Just some other blog about computers and programming

Bcfg2 0.9.6pre3 Released

The 3rd prerelease of Bcfg2 0.9.6 is now available.

For those not in the know, Bcfg2 is a system that:

helps system administrators produce a consistent, reproducible, and verifiable description of their environment, and offers visualization and reporting tools to aid in day-to-day administrative tasks.

Basically it comes down to managing your system configurations from a central location and then pulling (or optionally, pushing) the configuration data down to each machine. This ensures your machines are in a known state, and eliminates the need to go around to each one and manually verify or copy configuration.

Other tools in this category include Puppet or CFEngine, but IMO Bcfg2 trumps either of those.

Check it out. If you have any questions, feel free to come to #bcfg2 on irc.freenode.net and someone can surely help you out.

Connecting to a Cisco IPSEC VPN From Linux – Without the Cisco Client

So, let’s say your workplace uses a Cisco IPSEC VPN solution. Many places do. Let’s also say you at home have a Linux machine. Being the good Linux user that you are, you keep your system well patched and run a recent kernel release.

You download the Cisco VPN client – from your corporate website since, of course. Cisco would never make such a thing publicly downloadable.. who does that anyway?

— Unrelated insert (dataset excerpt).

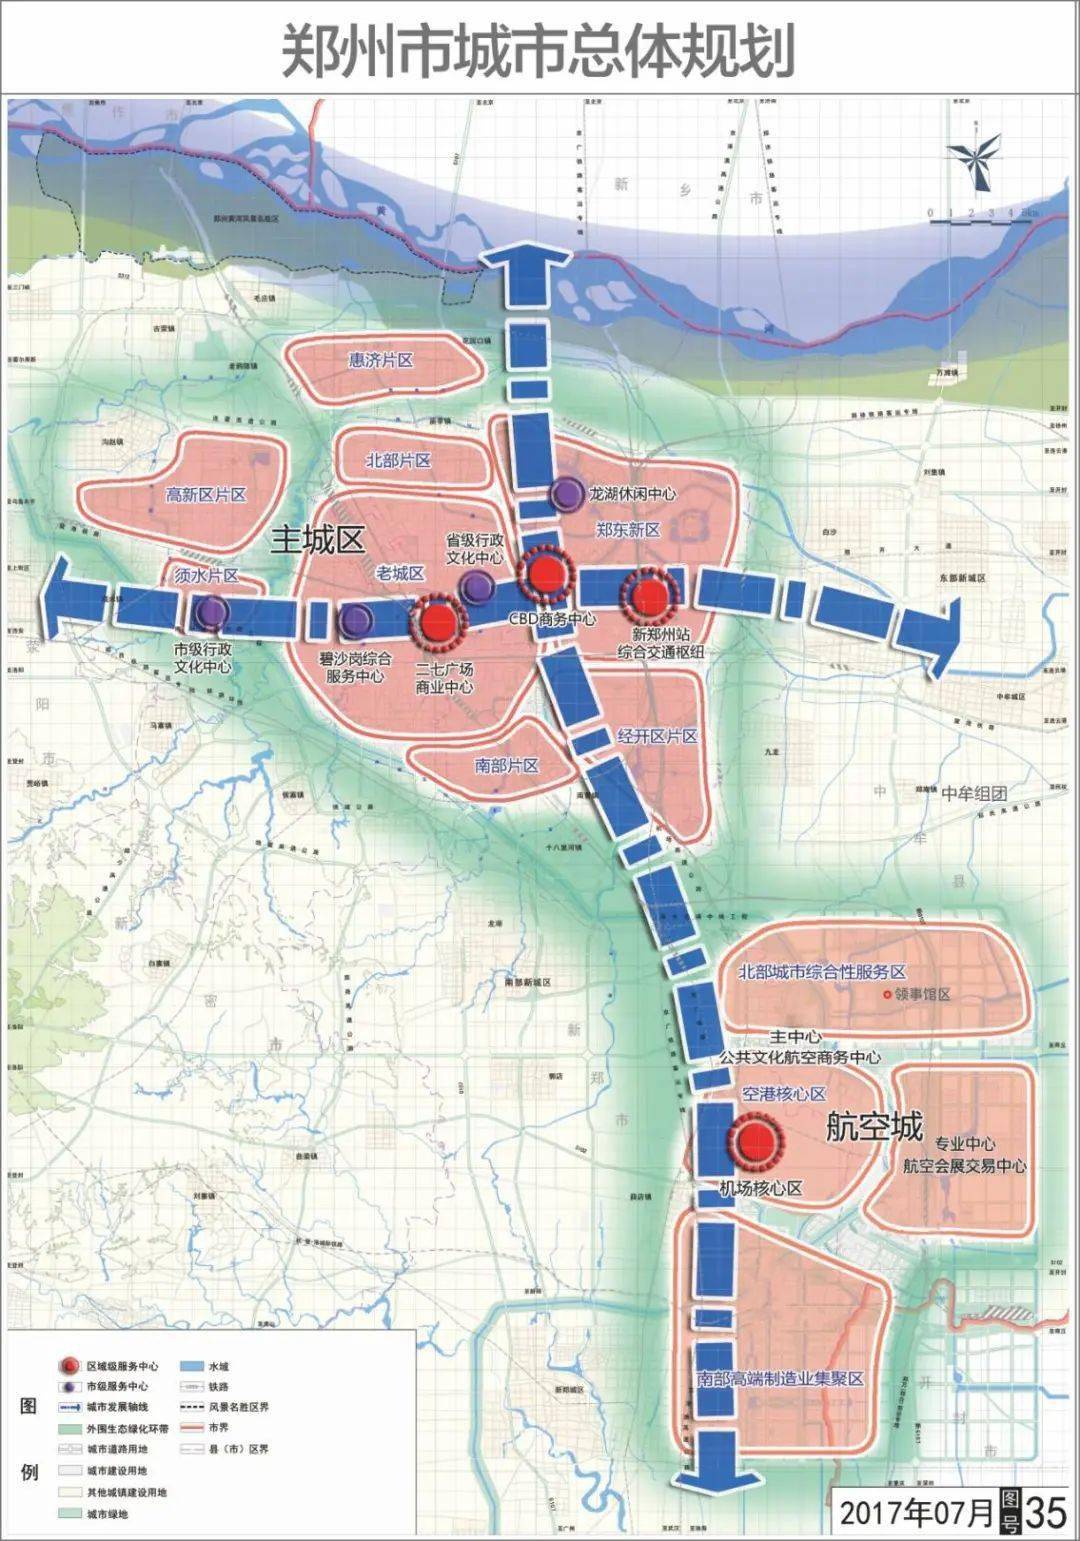 港区将要规划打造成为郑州的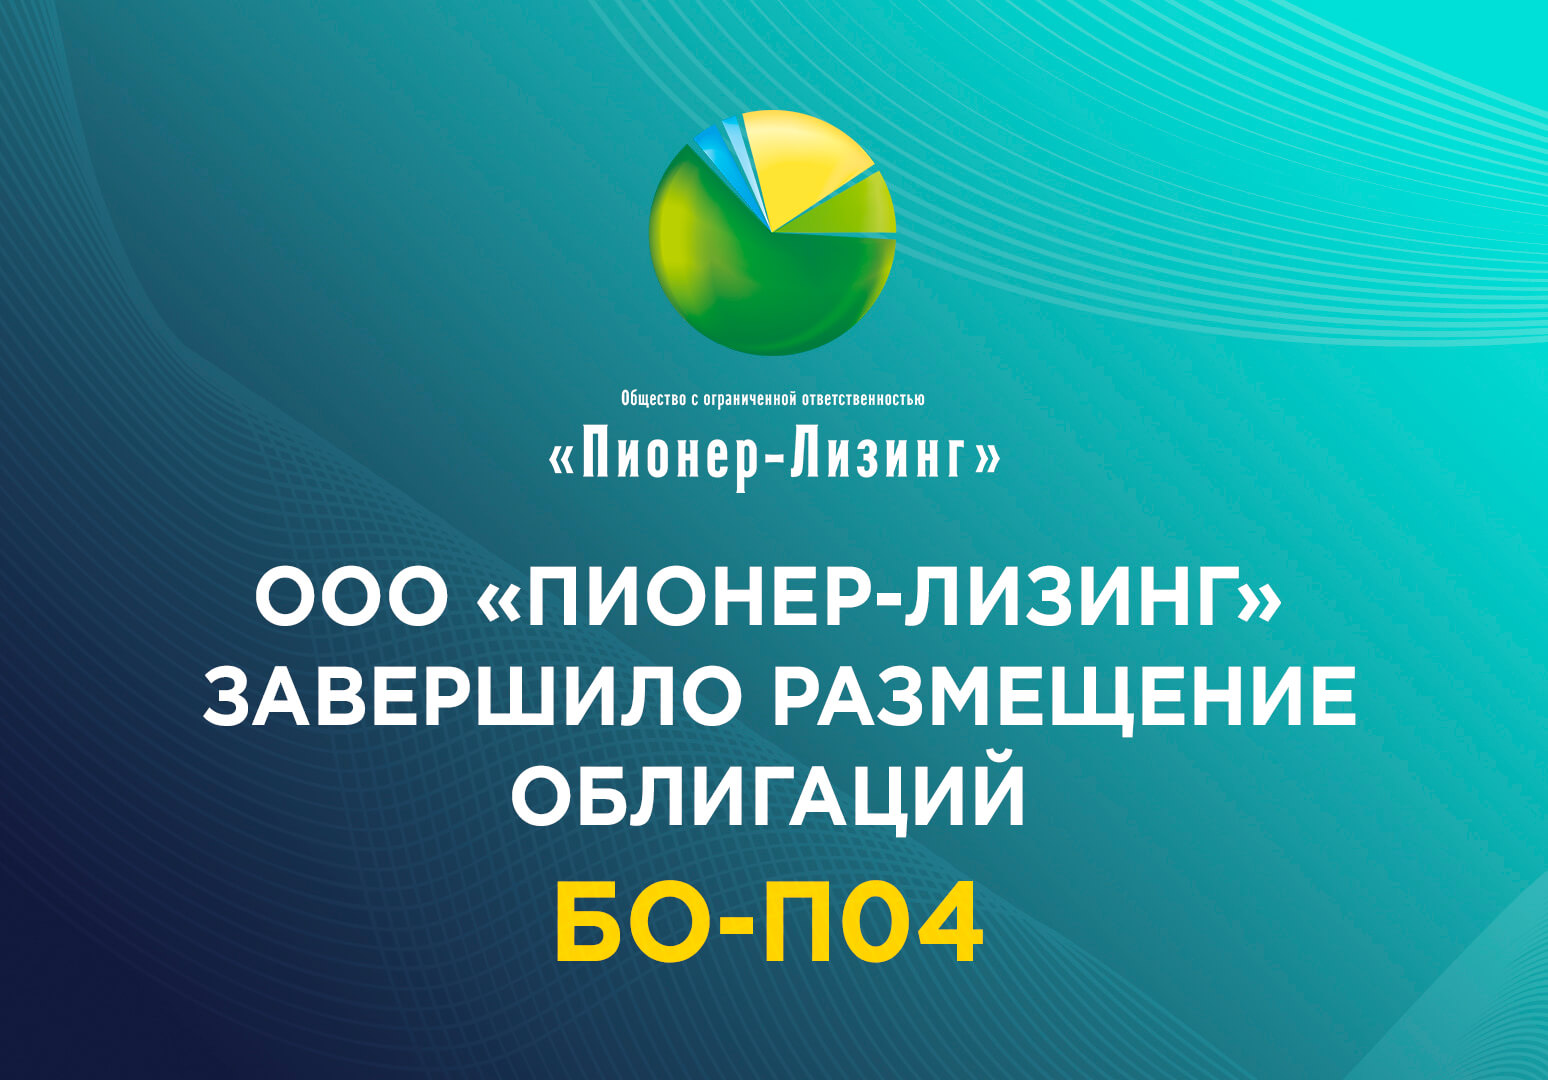 ООО «Пионер-Лизинг» завершило размещение облигаций БО-П04

You extract the tarball, run the vpn_install script as instructed and BAM. The whole thing bombs! Why? Because your system is too cutting edge for the guys at Cisco to keep up (clearly!). So, your possible solutions are:

  1. Dig through a bunch of random internet forums, searching for the right combination of patches and command incantations that will make the damn thing work on your particular OS and kernel version.
  2. Ditch the piece of junk altogether and install something nicer.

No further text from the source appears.